Несмотря на боль в ноге, я улыбнулся.

– Пути Господни неисповедимы… Я прибыл сюда вчера из Северо-Американских Соединенных Штатов…

– Но вы же русский? Почему из Америки? – еще более настороженно перебила она меня.

– Анна Валерьевна, умоляю вас, не перебивайте! Я прибыл из САСШ… И так сложилось, что лучшим моим другом в той стране был Виктор Суворов.

– Витя? Вот же непутевый! И как он там?

– Поначалу было неплохо. Помыкался, конечно, но потом устроился поваром. Дорос до совладельца ресторана. Мы с ним квартиру на двоих снимали… Случалось, рассказывали друг другу истории из жизни. А что ему рассказывать? Про приют в основном. Ну и про вас… Кстати, он очень хвалил вашего преподавателя химии и физики, говорил, что мне было бы полезно с ним пообщаться…

Улыбка Анны Валерьевны потускнела.

– Увы, Иван Порфирьевич умер две недели назад.

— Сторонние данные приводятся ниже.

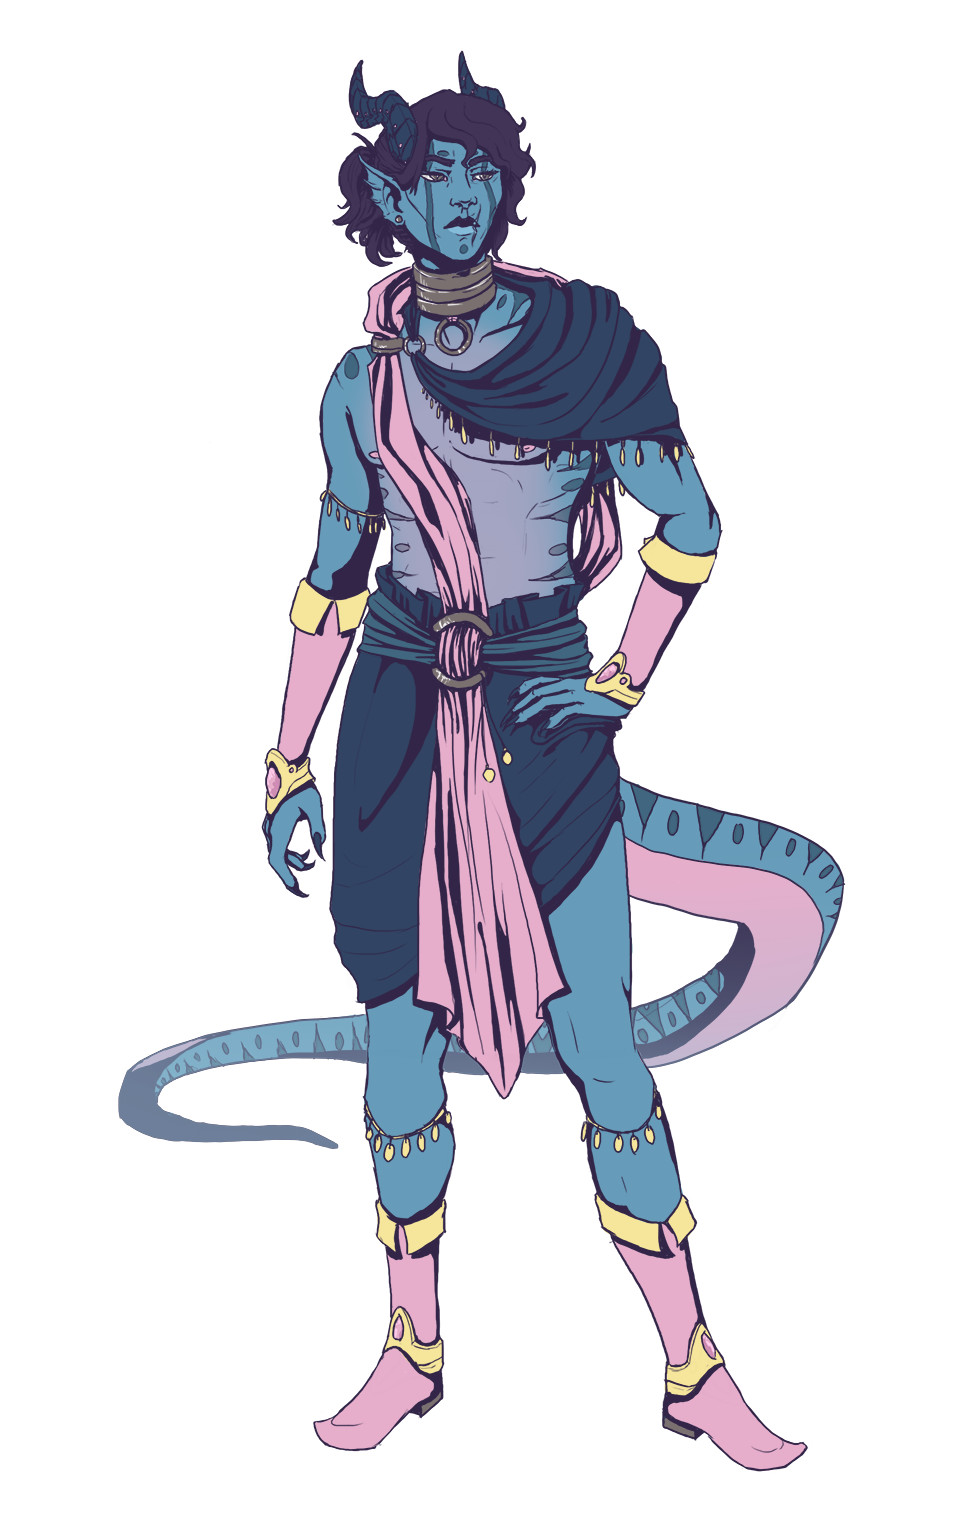 Commissioned design for a half-dragon DnD character.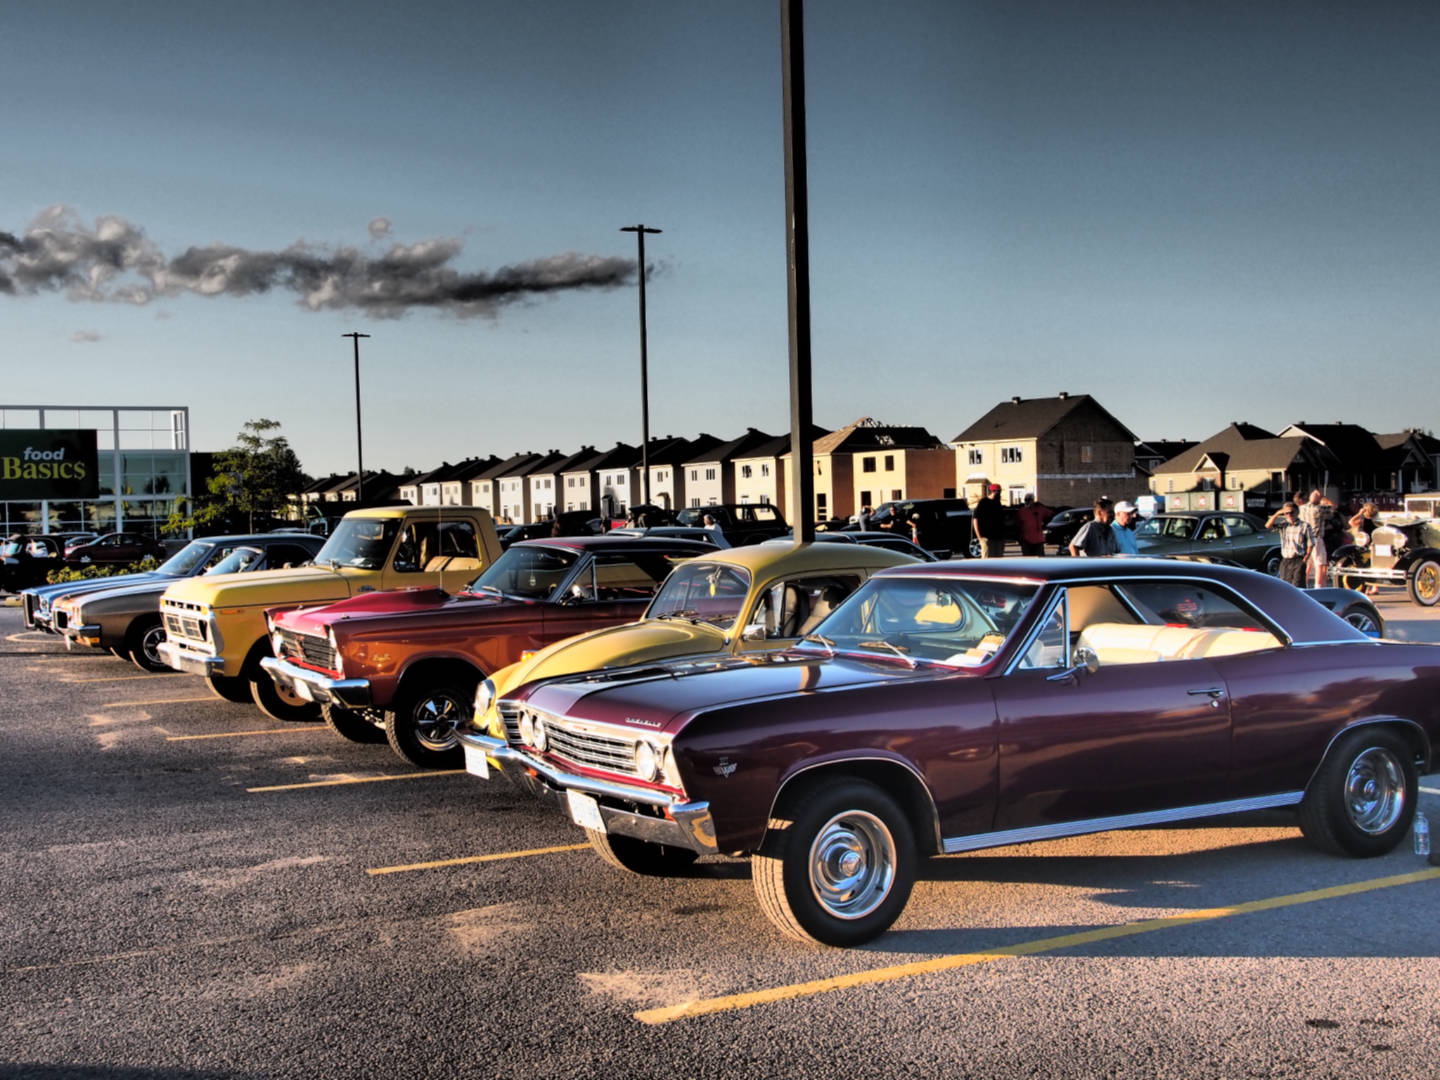 a photo of several classic muscle cars from the 1960's and 1970's taken at Kemptville Cruise Nights

Но преподавателем он был великолепным, Виктор не преувеличивал. До приюта он преподавал химию в Казанском университете. И сманить сюда его удалось только из-за чахотки. Доктора рекомендовали переехать в средиземноморский климат! Смена климата продлила ему жизнь почти на дюжину лет, но увы… Встретиться и пообщаться с ним вам не удастся, молодой человек… Так как там поживает Витюша?

– К моему прискорбию, его тоже нет в живых. Весной случился пожар, и Виктор погиб.

– Вот как…

– Увы.

Она снова замолчала, погрузившись в мысли. Я не решался побеспокоить ее. Так прошло минут десять, потом она вдруг встрепенулась и снова недоверчиво повторила:

– Но вчера в порт не должно было прибывать никаких иностранных судов!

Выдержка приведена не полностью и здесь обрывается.